Mukherjee is among the top-ranking directors in contemporary Bengali cinema. He shoots different films almost simultaneously so that there are several releases under his directorial baton released within the same calendar year. He is also an extremely versatile director whose spans many genres ranging from historical fiction, re-interpreted and re-written remakes, thrillers, romances and so on.


He began his directorial journey in 2010 with Autograph, a reinterpreted version of Satyajit Ray’s Nayak still remembered not only for the masterful performance of Prosenjit but more importantly, for the magical songs and mood music the film was enriched with.


Though he has individually won five National Awards for his different contributions to Bengali cinema, Padatik till today, will be considered his best filmover his directorial career spanning 14 years. For the unitiated, Padatik is the name of a classic feature film made by Mrinal Sen himself in 1974. Srijit’s film has no link whatsoever with Mrinal Sen’s film though their titles are identical.

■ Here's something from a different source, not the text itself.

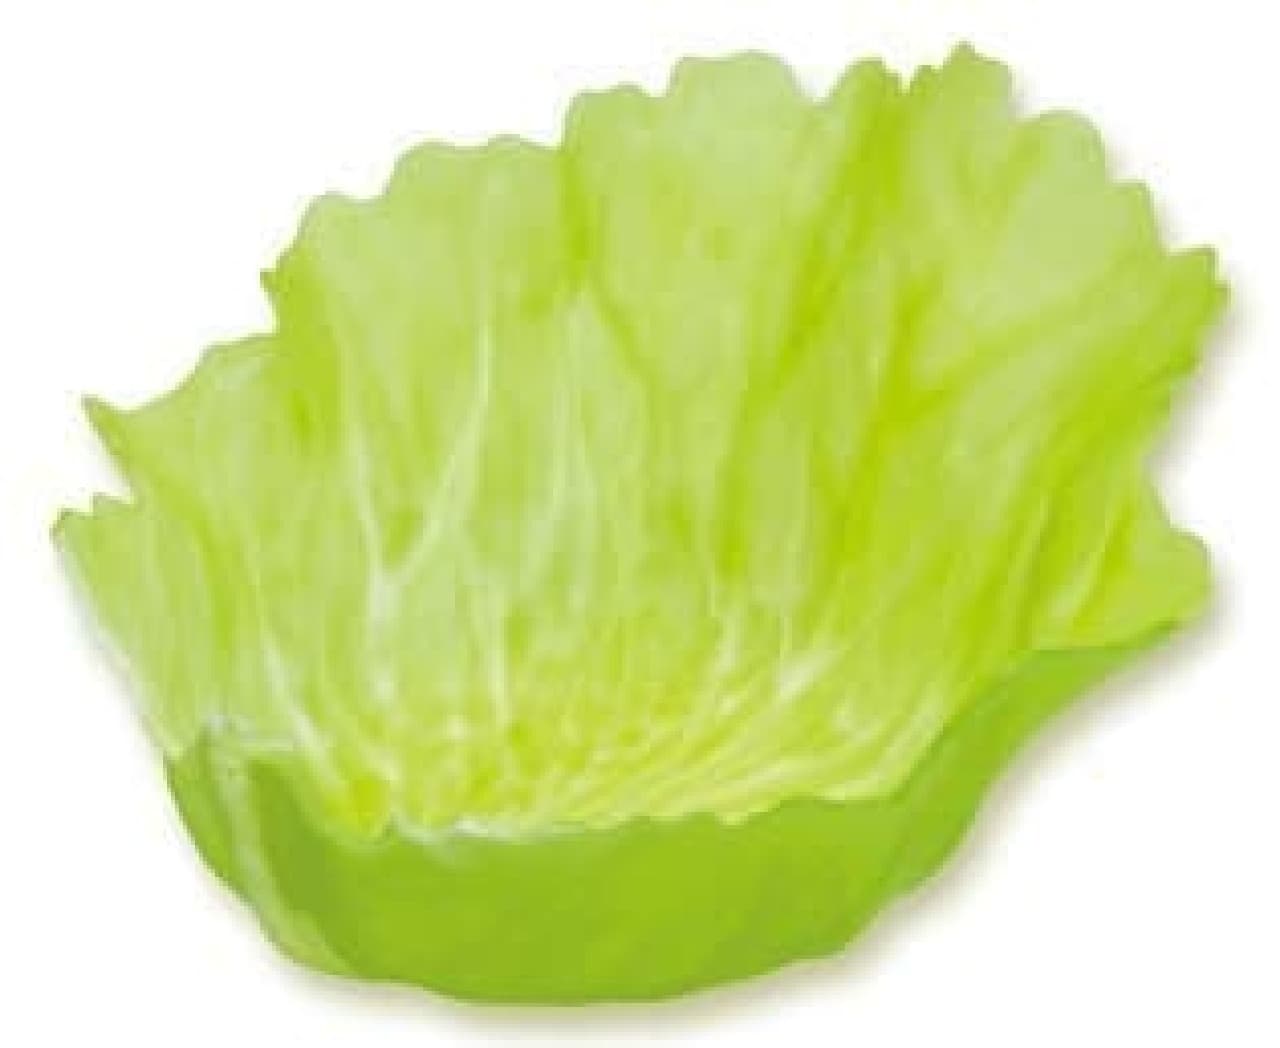 Lettuce no matter how you look at it ...

Srijit’s film traces the life of Mrinal Sen from boyhood till his death. The film opens with a partly fictionalised, Black-and-White clipping reiterating the huge processions following the passing away of Rabindranath Tagore when among the thronging crowds, a young man carrying the dead body of his infant baby, loses the baby in the stampede.


Tagore has no link with the film but it focusses on how the life of an ordinary man can get destroyed in a stampede gathered to pay their last respects to a great man.

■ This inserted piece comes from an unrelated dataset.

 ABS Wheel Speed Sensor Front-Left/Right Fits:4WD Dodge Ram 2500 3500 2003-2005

Padatik means “foot soldier” a metaphorical title that suggests the unstable life of the runaway political rebel in Mrinal Sen’s original film forced to hide to escape police arrest. What kind of “foot soldier is he? Is he forced to keep running? Or has he chosen to keep running?


The answer to this is suggested towards the end of the film which leaves the question open for the audience to draw conclusions from. Srijit’s Padatik is a tribute to this great man who, in terms of his work as a filmmaker, had been a foot soldier all his life, never ever compromising to commercial demands even when there was no rice in the kitchen, with his wife, Gita, offering a strong pillar of support. Says Srijit of this film, “Actually interweaving the various aspects of Mrinal Sen’s life — his personal life, his upheavals, his work, his politics, Mrinal Sen as a father, as a husband, his relationship with his peers, his filmmaking style — all of it has been cooked together in the perfect proportion in Padatik. People are calling it my best film ever. It is very overwhelming.”


The latest news is that Srijit Mukherjee’s Padatik has been selected for special screening as Indian Panorama Feature Jury Recommends at the 55th International Film Festival of India, which will be held in Goa from Nov 20 to 28. The selection resolves the controversy regarding the film’s initial exclusion allegedly due to its Mrinal Sen association.


What “association”?

The firm belief that Mrinal Sen was a believer in Leftist ideology which goes against the Hindu Right evident from Goa IFFI’s choice of the film on Veer Savarkar as the inaugural film. But no one has ever expressed this in so many words.


Whilst discussing the exclusion of ‘Padatik’ from the Indian Panorama and its subsequent inclusion for special screening, Mukherji referenced Prasun Chatterjee’s ‘Dostojee’. The film initially wasn’t included but was subsequently added upon jury recommendation. I’m delighted this occurred with ‘Padatik’ as well,” Mukherji said.


Director Chandraprakash Dwivedi, jury chairperson, said, “Mrinal Sen was and remains an icon of Bharat and an inspiration for countless cinema enthusiasts worldwide who cherished his storytelling and admired his approach to social issues through films. I’m exceedingly pleased to see Padatik at the 55th IFFI through the jury’s collective wisdom and endeavour.”


(The author is a veteran film writer based in Kolkata. Views personal.)